Simple model for approaching BYOD

  • Article

For some time I’ve been trying to work out with colleagues how to articulate what I see as a solid model for dealing with consumerisation of IT in the workplace or even allowing people to bring their own devices.  It’s quite tough to find some mental model to help people to understand the kind of approaches that work.  I’m looking for a way to help you manage more than the standard IT desktop, to make more sense of productivity at work and with a view of IT security risks.

coit goodbetterbest

 

The key is balancing the approach: do more with less, more permissive access to less secure stuff.  Most of an organisations “stuff” tends to require less security than IT think.  Be a guide not a gate keeper.

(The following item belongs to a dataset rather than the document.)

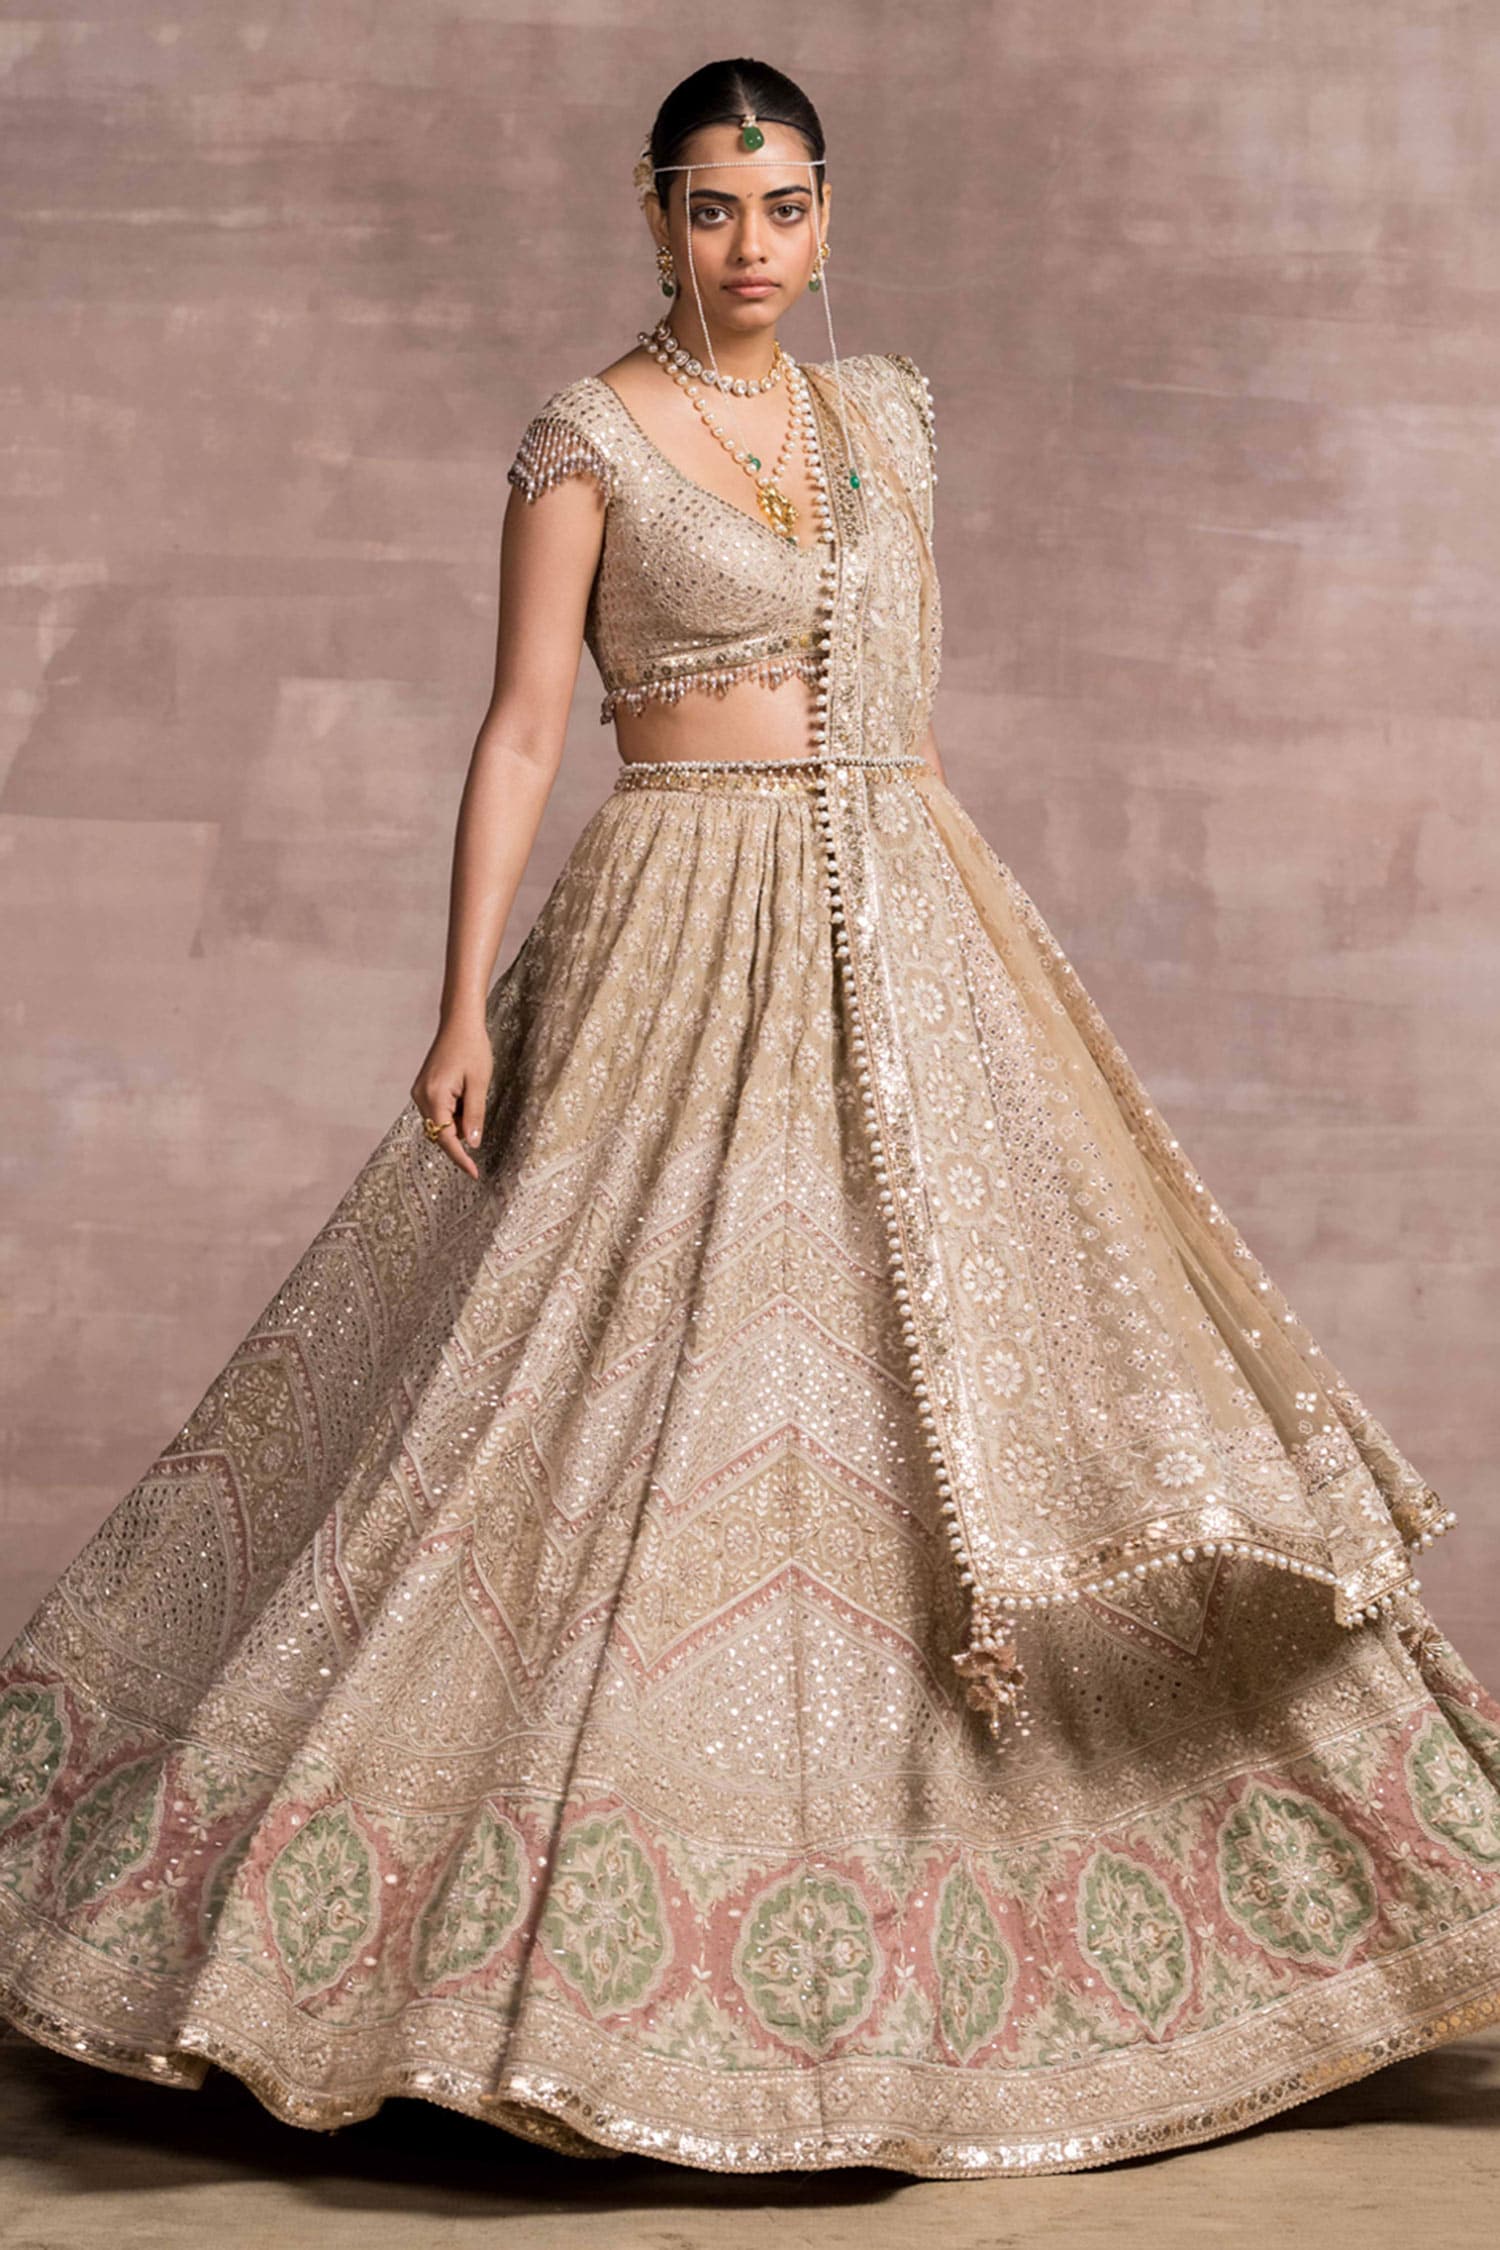 Tarun Tahiliani just dropped a bomb on Instagram with his latest Bridal  Collection! | Real Wedding Stories | Wedding Blog

Good, Better, Best, seems to be the most applicable that I’ve found.

GOOD is most open, your users being able to access your network, get IP addresses, get to some apps / services / data.  They probably have to keep entering credentials and they may be storing those credentials on their device.

BETTER is having some modicum of remediation over the device – the ability to remote wipe it for example.

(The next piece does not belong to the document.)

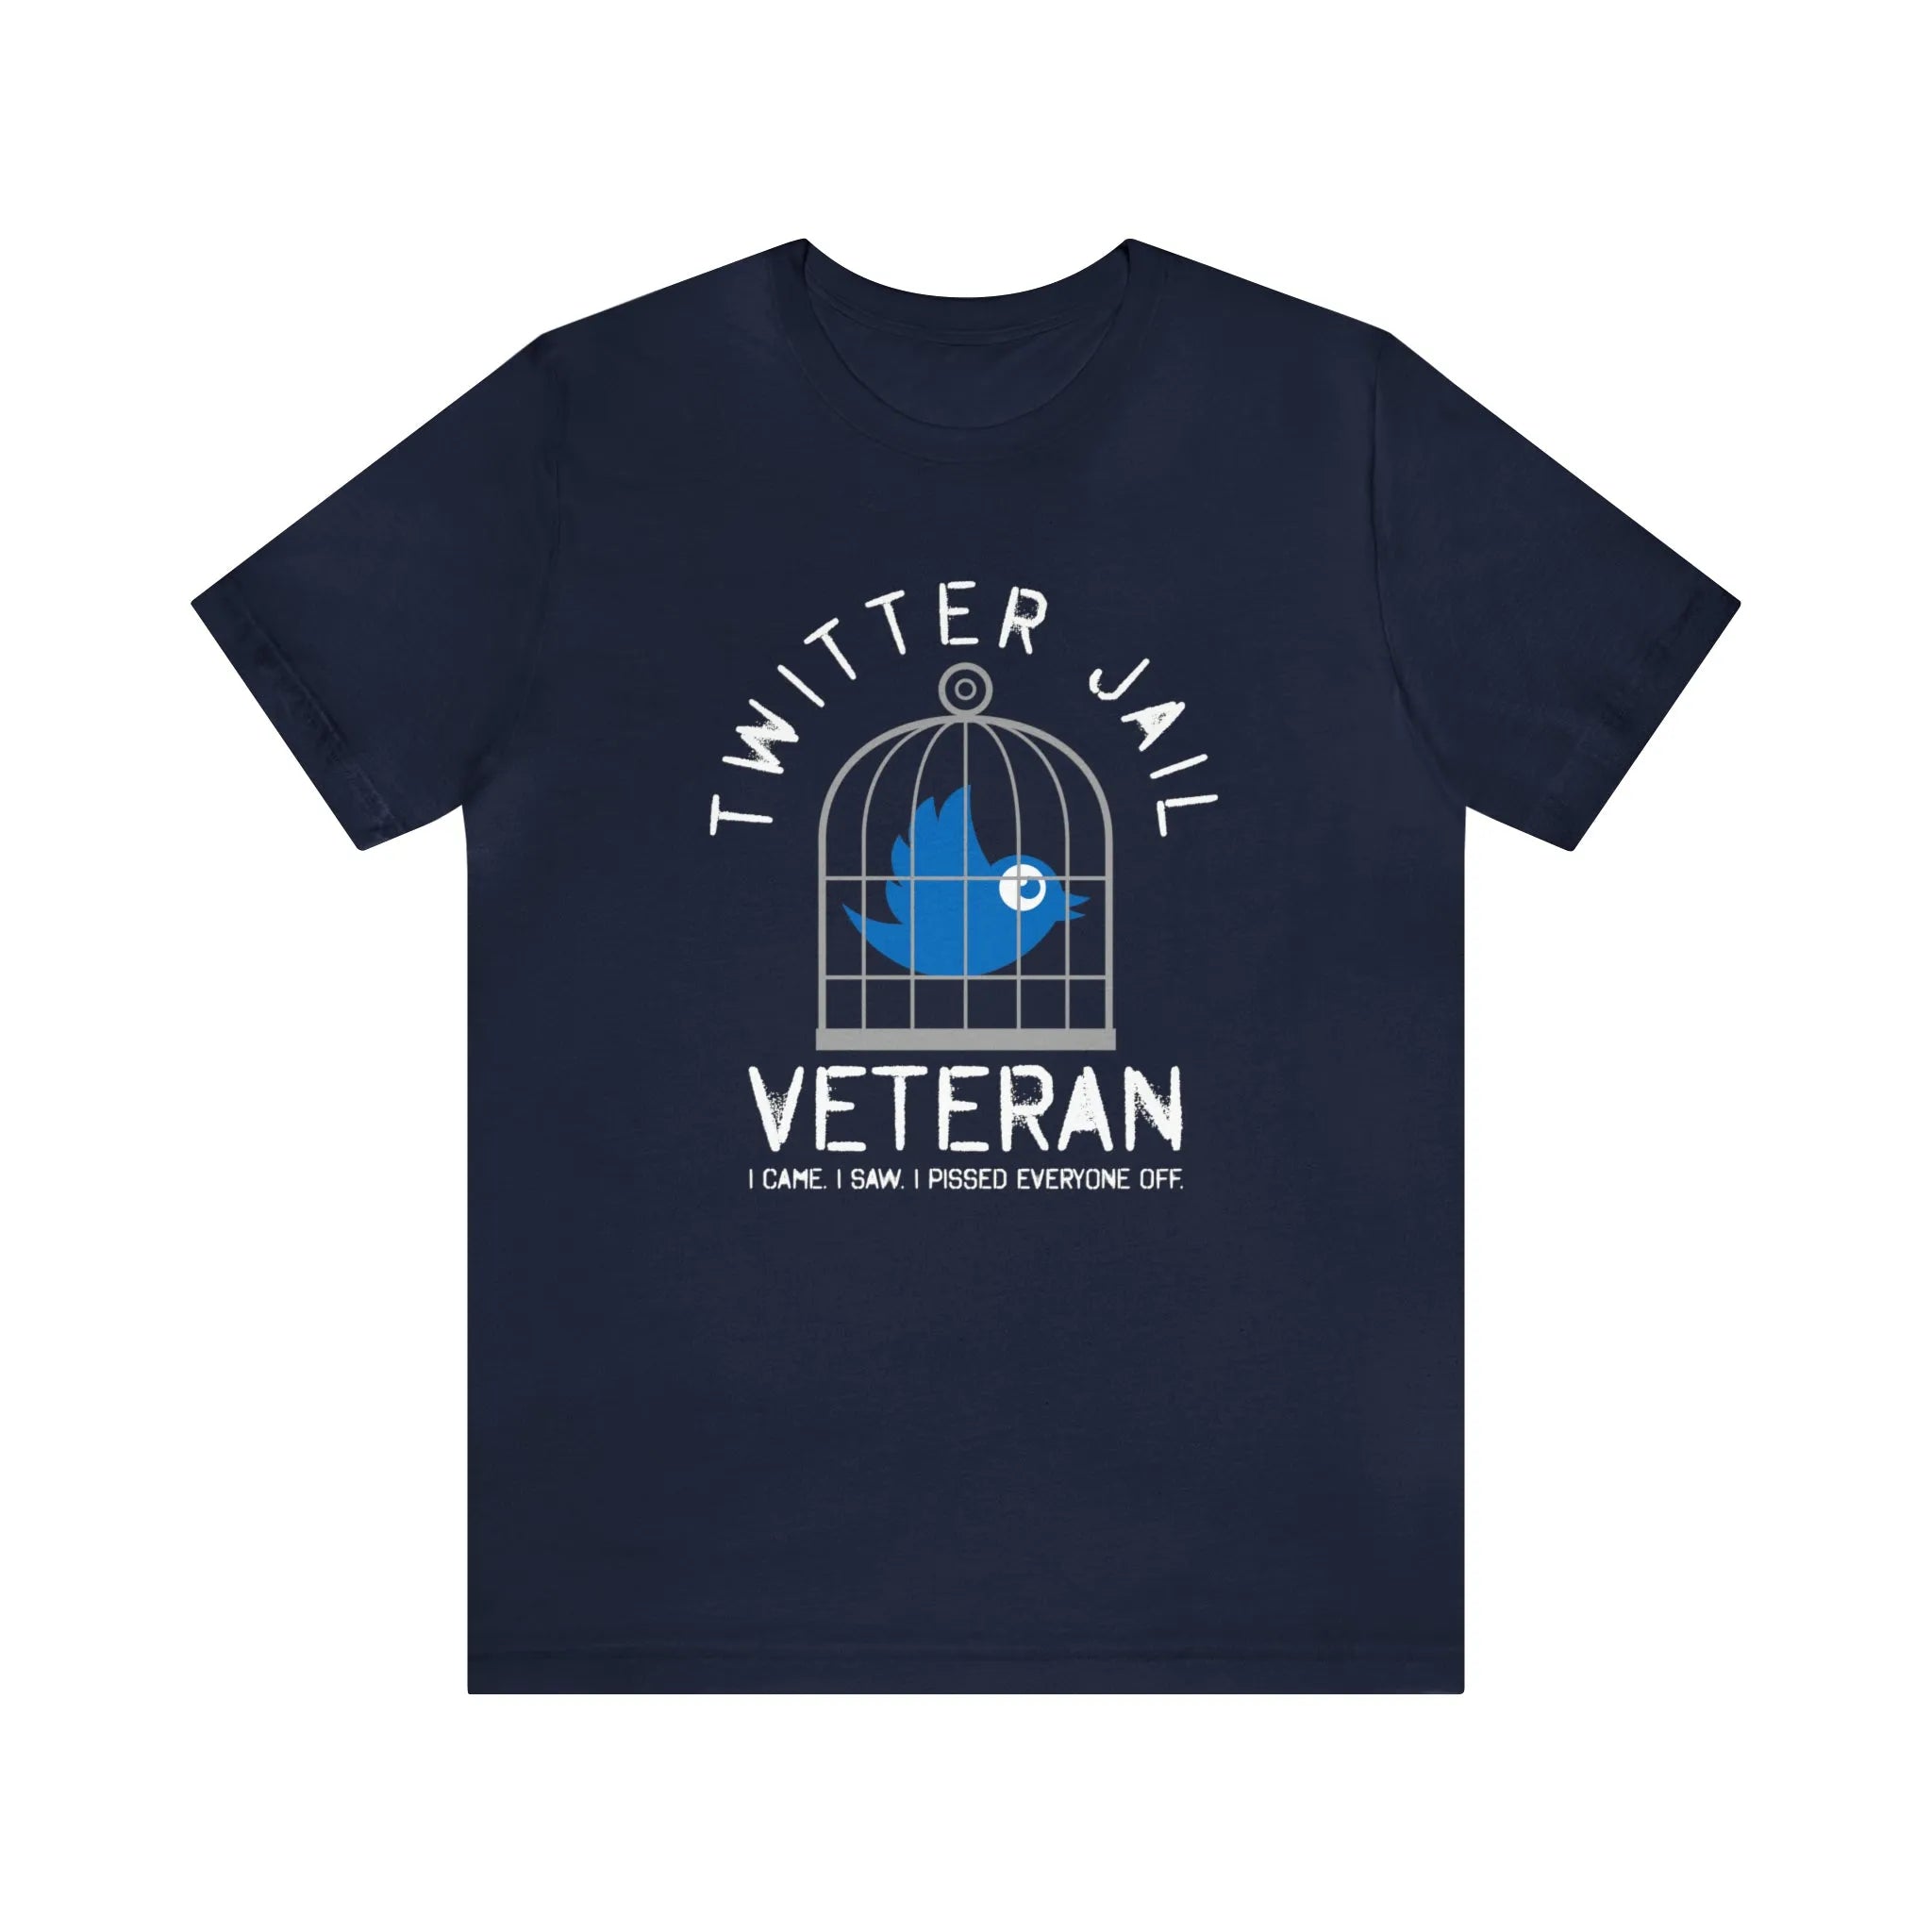 Escaped the Twitter Cage: Veteran Edition Shirt

BEST is having an authenticated connection with general purpose security (you could say domain joined PC)

N+1 is having the ability to ensure end to end security, encrypted device, encrypted communications, rights managed documents, remote wipe, policy based management, policy based enforcement.

Not all devices will fit into all categories, in-fact probably only Domain joined Windows PCs will be able to enter the N+1 category (that’s because all the things mentioned are built in from the ground up).  That said most people probably don’t need everything in the N+1 category.  Most organisations will also see their users adding GOOD and BETTER devices to their mobile worker armoury along with a BEST or N+1 devices.

A further note on N+1 is that this is where I see private cloud hosted apps and desktops and there is no reason that a GOOD, BETTER or BEST device can’t be used to access an N+1 hosted app or desktop.

*caveat: this is a simple model, there will be many exceptions, the key is mixture.